According to Máximo Blanco's own diary, realizing that these arguments threatened to derail the entire enterprise, he decided to intervene. Blanco asserted supreme authority backed by "private instructions": a confidential letter that President Mora Porras had handed him in San José, with strict orders to open it only once they were in the theater of operations. Upon reading this document, Blanco de facto dismissed Barillier from the primary command and assumed absolute tactical leadership of the Costa Rican forces for the imminent assault.

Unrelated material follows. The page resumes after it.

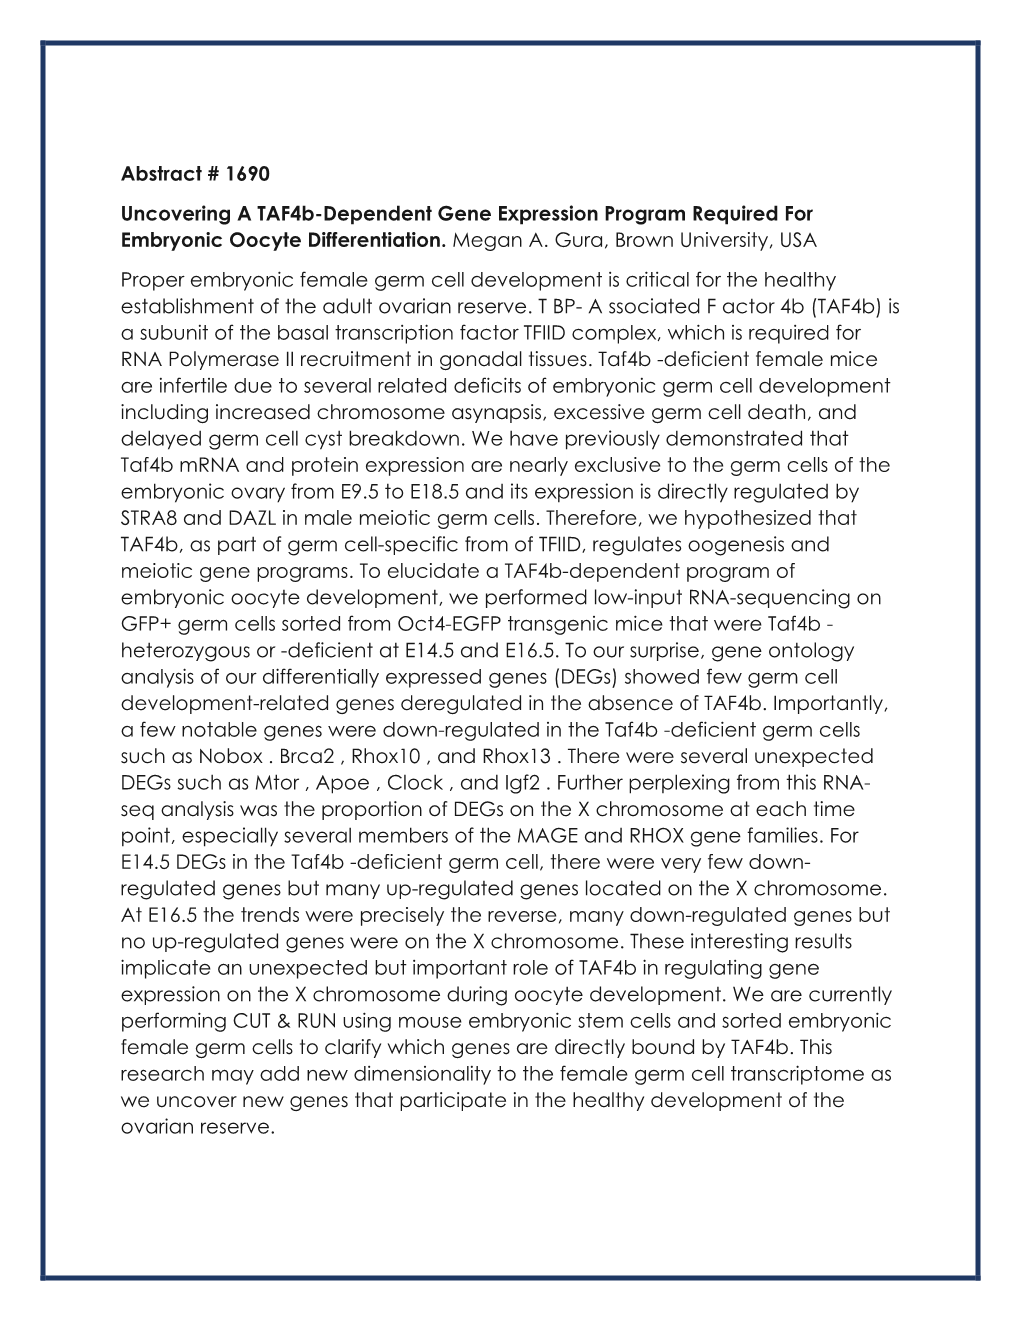 Abstract # 1690 Uncovering a Taf4b-Dependent Gene Expression Program Required for Embryonic Oocyte Differentiation

=== The San Carlos River journey ===
The advance toward the objective was plagued by extreme climatic and geographical hardships from the moment they departed Muelle de San Carlos. Blanco recorded in his diary a series of near-catastrophic logistical mishaps:
- Loss of artillery: On the night of December 19, 1856, a sudden swell of the San Carlos River swept away the raft carrying the artillery pieces, a significant portion of the ammunition, and the soldiers' clothing, leaving the troops virtually without heavy weaponry. (The runaway raft was later found adrift in the San Juan River by a Nicaraguan citizen named Felipe Mena. Mena concealed the vessel among the riverside vegetation near his ranch, downstream from La Trinidad, preventing it from being spotted by the enemy garrison. Days later, Mena returned the two cannons, the remaining weaponry, and the clothing intact to the Costa Rican troops.)
- River accidents: The troops' inexperience with river navigation led to constant shipwrecks. One boat capsized, losing the remainder of the military park. This, coupled with hunger and the fear of whirlpools, triggered at least 13 desertions and left several men ill.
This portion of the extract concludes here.